CAPEC-12: Choosing Message Identifier

This pattern of attack is defined by the selection of messages distributed via multicast or public information channels that are intended for another client by determining the parameter value assigned to that client. This attack allows the adversary to gain access to potentially privileged information, and to possibly perpetrate other attacks through the distribution means by impersonation. If the channel/message being manipulated is an input rather than output mechanism for the system, (such as a command bus), this style of attack could be used to change the adversary's identifier to more a privileged one.

CAPEC-166: Force the System to Reset Values

An attacker forces the target into a previous state in order to leverage potential weaknesses in the target dependent upon a prior configuration or state-dependent factors. Even in cases where an attacker may not be able to directly control the configuration of the targeted application, they may be able to reset the configuration to a prior state since many applications implement reset functions.
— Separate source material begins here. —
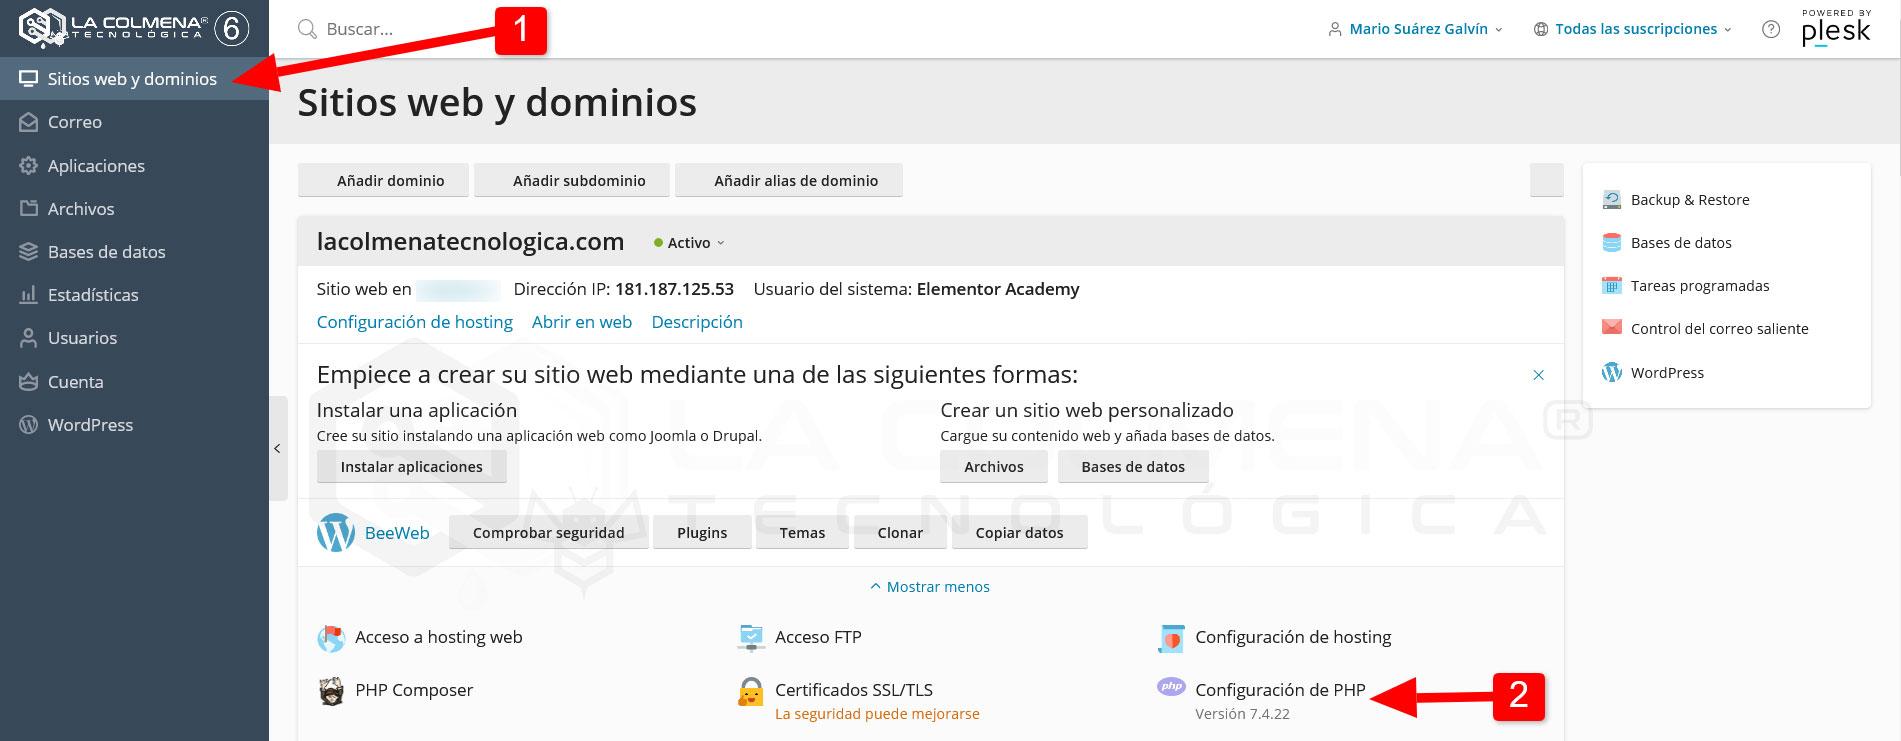 Plesk - Sitios web y dominios

CAPEC-216: Communication Channel Manipulation

An adversary manipulates a setting or parameter on communications channel in order to compromise its security. This can result in information exposure, insertion/removal of information from the communications stream, and/or potentially system compromise.

CAPEC-36: Using Unpublished Interfaces or Functionality

An adversary searches for and invokes interfaces or functionality that the target system designers did not intend to be publicly available. If interfaces fail to authenticate requests, the attacker may be able to invoke functionality they are not authorized for.

CAPEC-62: Cross Site Request Forgery

An attacker crafts malicious web links and distributes them (via web pages, email, etc.), typically in a targeted manner, hoping to induce users to click on the link and execute the malicious action against some third-party application. If successful, the action embedded in the malicious link will be processed and accepted by the targeted application with the users' privilege level. This type of attack leverages the persistence and implicit trust placed in user session cookies by many web applications today. In such an architecture, once the user authenticates to an application and a session cookie is created on the user's system, all following transactions for that session are authenticated using that cookie including potential actions initiated by an attacker and simply "riding" the existing session cookie.